Signed by almost 200 countries, the Global Biodiversity Framework (GBF) will boost investment in activities that protect the biosphere and will also require companies to routinely assess and disclose their nature-related risks.
The accord is underpinned by ambitious goals. It aims to halt biodiversity loss by 2030 and achieve recovery and restoration by 2050.
For these reasons, it merits comparison with the Paris Agreement. While implementing the 2015 accord in full continues to be an uphill struggle, the pact has succeeded in aligning financial flows and investment portfolios with climate objectives, unleashing hundreds of billions of dollars of new investment in the process. We see the GBF having much the same financial effect.
There is more to protecting the planet than net zero. Halting climate change and restoring the biosphere are problems that must be tackled together.
Key features of the biodiversity pact include commitments to increase land and water preservation, reduce pollution, and incorporate biodiversity considerations across a wide range of national policy areas. It also contains pledges to reduce harmful subsidies and mobilize funds toward national biodiversity plans by the end of this decade.
In other words, it alerts policymakers, businesses, and investors to the fact that there is more to protecting the planet than net zero. Reducing greenhouse gas emissions and restoring the biosphere are problems that must be tackled together.
The GBF isn’t without flaws—it doesn’t set country-specific targets, for example, nor is it legally binding. That said, we think the tone is sufficiently strong that companies and investors will no longer be able to ignore this key environmental dimension.
Target 15 of the accord is perhaps the most relevant to businesses and investors. It requires large companies and financial institutions to monitor and disclose their impact on biodiversity, as well as the risks they face from biodiversity loss.1
Notably, this requirement will apply across the entirety of the business’s value chain. For financial institutions, the provisions will extend to portfolio investments.
Target 14 is also important. This calls for public and private financial flows to be aligned with the goals and targets of the GBF, which should help scale up action from the financials sector.

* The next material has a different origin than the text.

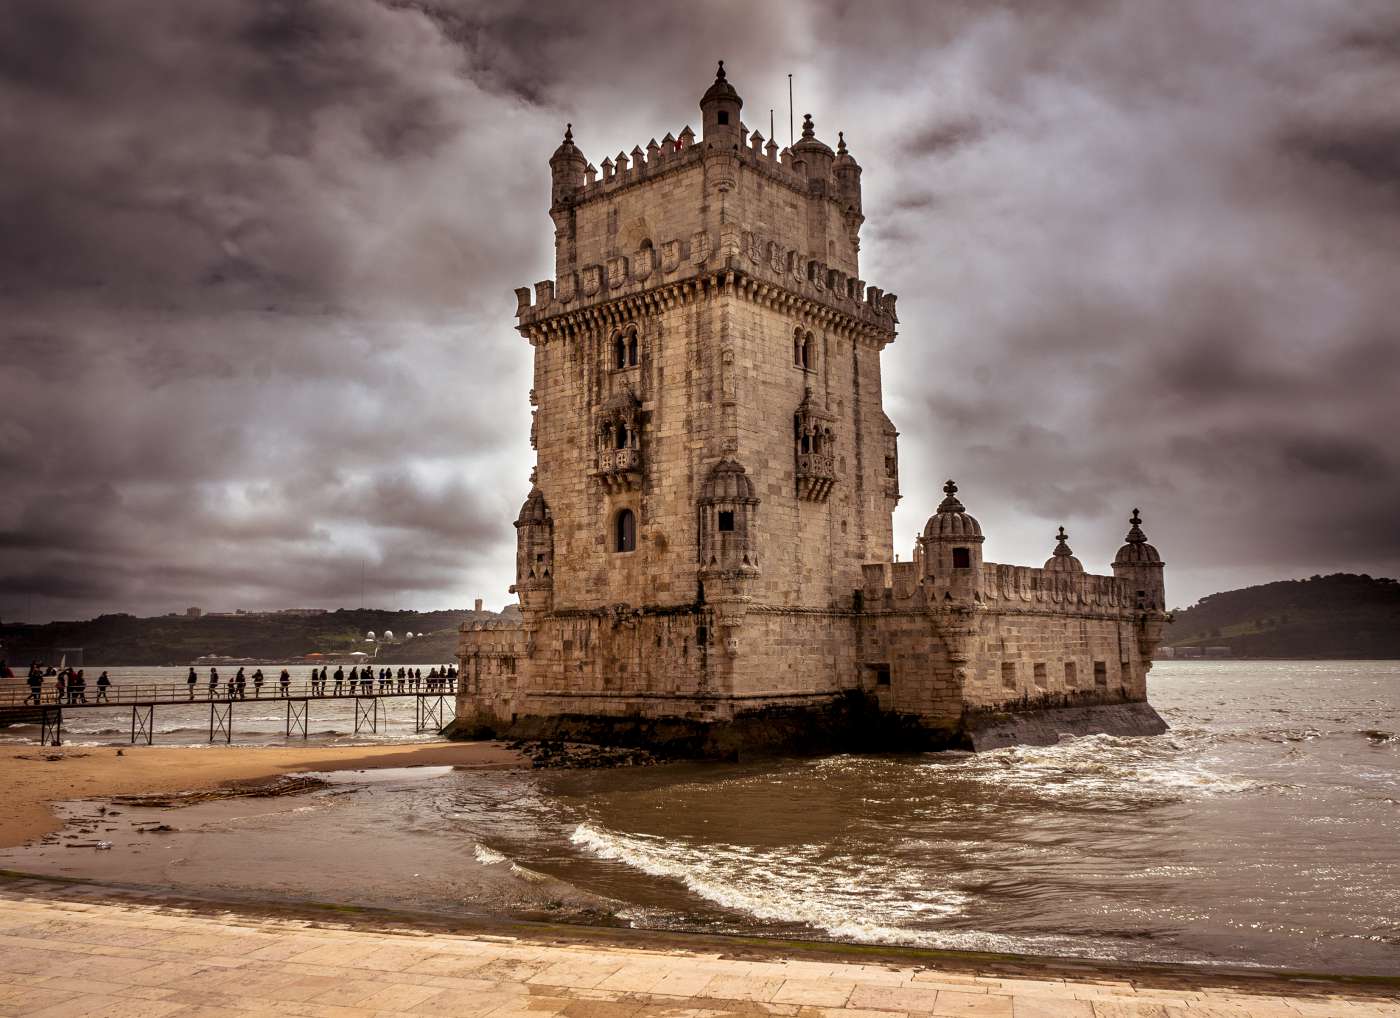 Torre de Belém - Πύργος Belém

Such goals are a major step in the development of global environmental policy because they’re measurable and subject to regular monitoring, reporting, and review.
Biodiversity disclosure: the new norm
Corporate disclosure of biodiversity risks could soon become the business norm.
Later this year, the Taskforce of Nature-related Financial Disclosures—a private sector forum representing financial institutions and corporates with over US$20 trillion in assets—is set to release a new corporate disclosure framework covering a broad range of items from freshwater, marine, and terrestrial ecosystem use to water pollution and biological disturbances.
At the same time, the International Sustainability Standards Board, a body setting a global standard for corporate sustainability disclosures, plans to add biodiversity to its climate risk reporting rules in early 2023. With better disclosure, investors will be better able to assess the nature-related risks companies face.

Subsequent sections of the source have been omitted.